Repeat the records below exactly, beginning at the first line and finishing with the line that contains "Enjoy the gift of more rewards".

=== PROVIDED INFORMATION ===
···

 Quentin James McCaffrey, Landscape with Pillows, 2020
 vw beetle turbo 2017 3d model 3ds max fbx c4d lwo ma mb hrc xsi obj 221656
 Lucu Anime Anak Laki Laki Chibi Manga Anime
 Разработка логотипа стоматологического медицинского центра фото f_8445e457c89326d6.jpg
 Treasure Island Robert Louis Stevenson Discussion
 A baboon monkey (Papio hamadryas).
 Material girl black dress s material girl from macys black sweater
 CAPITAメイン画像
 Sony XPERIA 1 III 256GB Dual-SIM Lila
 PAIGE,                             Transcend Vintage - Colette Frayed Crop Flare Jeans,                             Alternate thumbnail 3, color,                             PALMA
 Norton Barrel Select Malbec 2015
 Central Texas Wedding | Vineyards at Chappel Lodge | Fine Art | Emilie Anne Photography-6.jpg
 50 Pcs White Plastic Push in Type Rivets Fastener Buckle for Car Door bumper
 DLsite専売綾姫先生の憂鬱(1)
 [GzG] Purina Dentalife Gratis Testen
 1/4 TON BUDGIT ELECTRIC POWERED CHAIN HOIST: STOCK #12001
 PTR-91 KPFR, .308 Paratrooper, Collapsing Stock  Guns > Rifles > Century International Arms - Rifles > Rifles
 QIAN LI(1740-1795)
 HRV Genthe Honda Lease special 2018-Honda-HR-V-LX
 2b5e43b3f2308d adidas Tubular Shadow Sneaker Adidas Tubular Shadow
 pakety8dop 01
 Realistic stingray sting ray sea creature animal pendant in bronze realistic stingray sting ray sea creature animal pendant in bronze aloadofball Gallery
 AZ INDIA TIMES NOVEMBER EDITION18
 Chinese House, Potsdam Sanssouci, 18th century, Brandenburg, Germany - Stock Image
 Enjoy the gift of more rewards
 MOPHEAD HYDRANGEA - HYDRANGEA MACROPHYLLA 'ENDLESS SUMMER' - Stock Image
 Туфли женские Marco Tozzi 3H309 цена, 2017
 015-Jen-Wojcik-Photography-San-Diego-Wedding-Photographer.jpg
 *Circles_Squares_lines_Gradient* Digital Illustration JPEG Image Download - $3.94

···

=== SOLUTION ===
 Quentin James McCaffrey, Landscape with Pillows, 2020
 vw beetle turbo 2017 3d model 3ds max fbx c4d lwo ma mb hrc xsi obj 221656
 Lucu Anime Anak Laki Laki Chibi Manga Anime
 Разработка логотипа стоматологического медицинского центра фото f_8445e457c89326d6.jpg
 Treasure Island Robert Louis Stevenson Discussion
 A baboon monkey (Papio hamadryas).
 Material girl black dress s material girl from macys black sweater
 CAPITAメイン画像
 Sony XPERIA 1 III 256GB Dual-SIM Lila
 PAIGE,                             Transcend Vintage - Colette Frayed Crop Flare Jeans,                             Alternate thumbnail 3, color,                             PALMA
 Norton Barrel Select Malbec 2015
 Central Texas Wedding | Vineyards at Chappel Lodge | Fine Art | Emilie Anne Photography-6.jpg
 50 Pcs White Plastic Push in Type Rivets Fastener Buckle for Car Door bumper
 DLsite専売綾姫先生の憂鬱(1)
 [GzG] Purina Dentalife Gratis Testen
 1/4 TON BUDGIT ELECTRIC POWERED CHAIN HOIST: STOCK #12001
 PTR-91 KPFR, .308 Paratrooper, Collapsing Stock  Guns > Rifles > Century International Arms - Rifles > Rifles
 QIAN LI(1740-1795)
 HRV Genthe Honda Lease special 2018-Honda-HR-V-LX
 2b5e43b3f2308d adidas Tubular Shadow Sneaker Adidas Tubular Shadow
 pakety8dop 01
 Realistic stingray sting ray sea creature animal pendant in bronze realistic stingray sting ray sea creature animal pendant in bronze aloadofball Gallery
 AZ INDIA TIMES NOVEMBER EDITION18
 Chinese House, Potsdam Sanssouci, 18th century, Brandenburg, Germany - Stock Image
 Enjoy the gift of more rewards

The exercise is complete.